I get the following error:
ValueError: Input contains NaN, infinity or a value too large for dtype('float32').

I’m a little confused as to why I’m getting this error, considering that I’ve followed the same method for both the training data and the test data. I’m able to create the model fine, but when I attempt to predict is when I get the error. Any help would be greatly appreciated!

Asked By: tyl3366

||

Answers:

I think I found your issue.

See the code below:

cols_with_missing = [col for col in X.columns if X[col].isnull().any()] 
X.drop(cols_with_missing, axis=1, inplace=True)
X_test.drop(cols_with_missing, axis=1, inplace=True)

What you did here is that you identified columns with missing values in dataframe X and then dropped these columns from both X and X_test.
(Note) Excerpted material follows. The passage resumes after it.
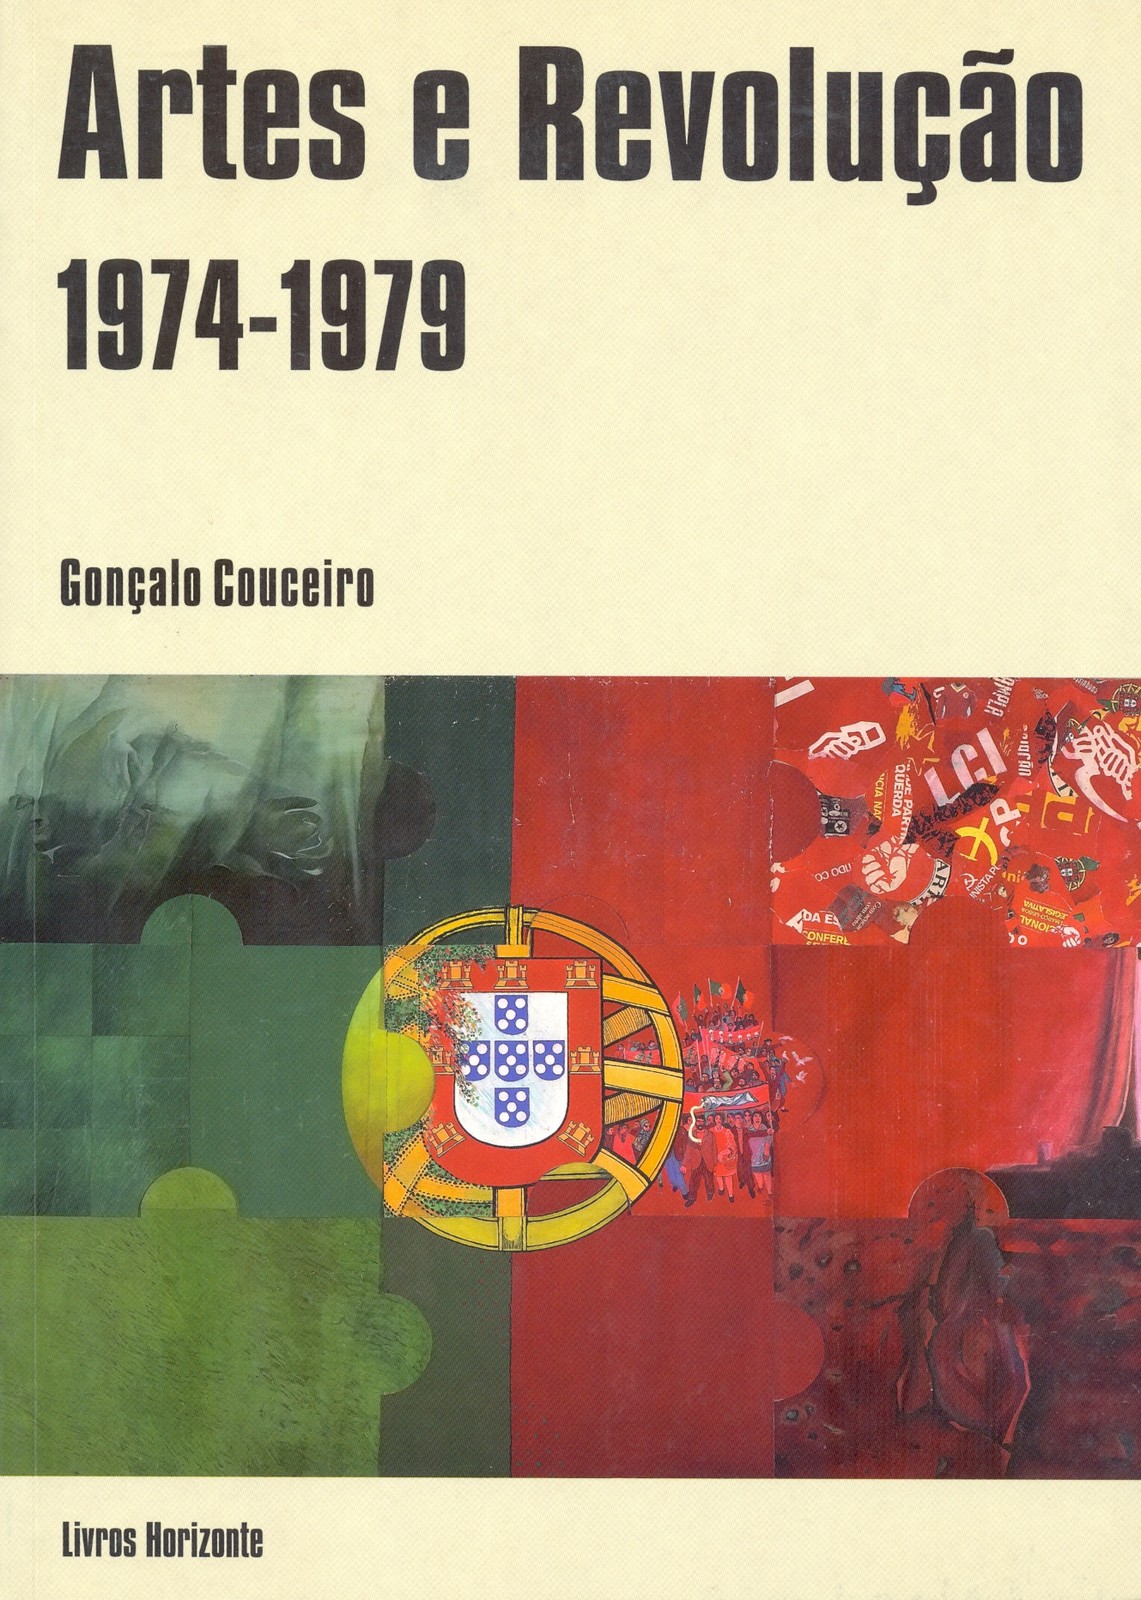 Gonçalo Couceiro - Artes e Revolução (1974-1979)

That is where your problem begins. You have also missing data in several columns of X_test.

I checked with;

[col for col in X_test.columns if X_test[col].isna().any()

Which resulted:

[‘MSZoning’,
‘Utilities’,
‘Exterior1st’,
‘Exterior2nd’,
‘BsmtFinSF1’,
‘BsmtFinSF2’,
‘BsmtUnfSF’,
‘TotalBsmtSF’,
‘BsmtFullBath’,
‘BsmtHalfBath’,
‘KitchenQual’,
‘Functional’,
‘GarageCars’,
‘GarageArea’,
‘SaleType’]

So you might consider filling these with mean of each column from X, or delete these rows as well.

Answered By: Orkun Aran

cols_with_missing = [col for col in X.columns if X[col].isnull().any()] you are checking columns with missing values only in training data. And there are some columns that did not have any null values in the training set but do have null values in the test set. That’s how you carried those nulls in the entire code.

Answered By: RAY